Proving the Invertibility of Composed One-to-One Functions

[John O' Meara]

Homework Statement

Prove: if f and g are one-to-one (i.e., invertible), then so is the composition $$f \circ g$$

Homework Equations

I think you prove that the composition f o g has an inverse? As, a function has an inverse if and only if it is one-to-one.

The Attempt at a Solution

$$(f \circ g)^{-1}((f \circ g)(x))=x\\ (f \circ g)((f \circ g)^{-1}(x))=x. \\ (f \circ g)^{-1}((f \circ g)(x))= (f(g(x)))^{-1}(f(g(x))) = f^{-1}(g(x)^{-1})(f(g(x)))$$. I wonder can I do just what I have just done? Help gratefully received, thank you.

 

[JG89]

The Attempt at a Solution

$$(f \circ g)^{-1}((f \circ g)(x))=x\\ (f \circ g)((f \circ g)^{-1}(x))=x. \\ (f \circ g)^{-1}((f \circ g)(x))= (f(g(x)))^{-1}(f(g(x))) = f^{-1}(g(x)^{-1})(f(g(x)))$$. I wonder can I do just what I have just done? Help gratefully received, thank you.

You can't assume f(g(x)) is invertible, because just as you said, a function is invertible if and only if it is one to one, so your assumption is equivalent to what you are trying to prove.

Remember that g(x) is one to one if and only if g(a) = g(b) implies a = b, for any a, b in the domain of g.

Can you prove that f(g(x)) is one to one now?

 

[John O' Meara]

I didn't know that "g(x) is one to one if and only if g(a)=g(b), etc,". I know that if (a,b)is a point on the graph of y=g(x) then b=g(a), which is equivalent to the statement that $$a=g^{-1}(b)$$, which means that (b,a) is a point on the graph of g_inverse.

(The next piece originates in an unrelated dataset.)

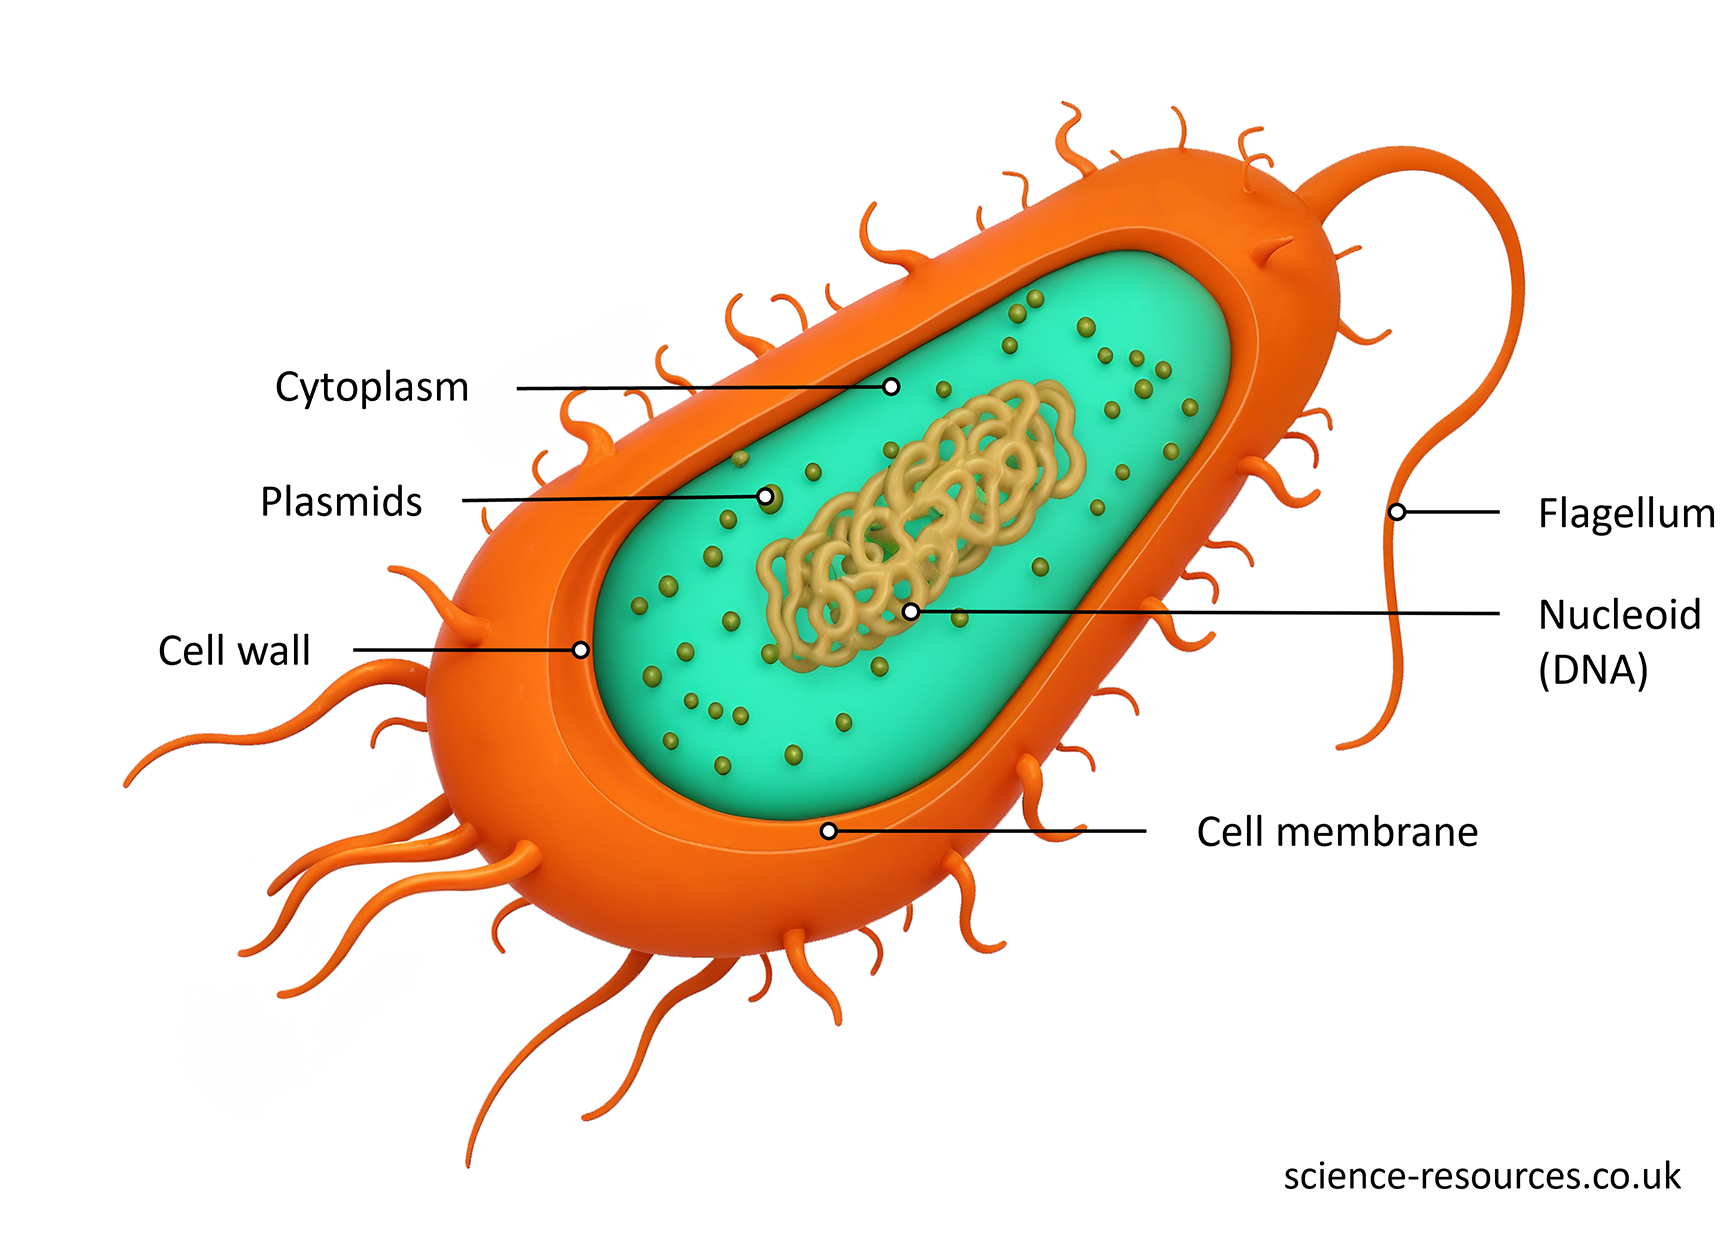 This image is a detailed illustration of a bacterial cell, highlighting its various components and structures. Each part is labeled.

And that then g and g_inverse are symmetrical about the line y=x.

 

[JG89]

Yes but you're trying to prove that f(g(x)) is one-to-one.

Our function g(x) is invertible if and only g(a) = g(b) implies a = b. That is one of the definitions of one-to-one.

f is also one to one. So by the definition of one-to-one we can say...

 

[John O' Meara]

We can say that g and f have got inverse functions in consequence of being one to one, which states that: a function that assigns distinct outputs to distinct inputs is one to one.

 

[John O' Meara]

So we can write $$f^{-1}(f(x))=x. f(f^{-1}(x))=x.$$ And the same is true for g. But I still cannot see how you can write f o g is one to one?

 

[snipez90]

There is no need to apply inverses. JG89's definition of one-to-one is probably the most commonly utilized one, and it is clearly the easiest to apply here. The contrapositive simply states if you have two distinct inputs (a =/= b), then the outputs are distinct (f(a) =/= f(b)). An equivalent definition is that for each point b in the image of the domain of the function, there is only one element a in the domain such that f(a) = b. But all you have to prove is that for a and b in the domain of f composed with g, if f(g(a)) = f(g(b)) then a = b.

 

[Дьявол]

Take an example:

$$f(x)=\frac{1}{x}$$

f(x) is invertible i.e:

$$y=\frac{1}{x}$$

$$x=\frac{1}{y}$$

If the inverse is g(y) or

$$g(y)=\frac{1}{y}$$

we can write it as:

$$g(x)=\frac{1}{x}$$

so that f(x)=g(x), and the composition f(g(x))=f^-1(x)=g^-1(x)

Regards.

 

[John O' Meara]

Thanks for the replies, it looks very easy now that it is done.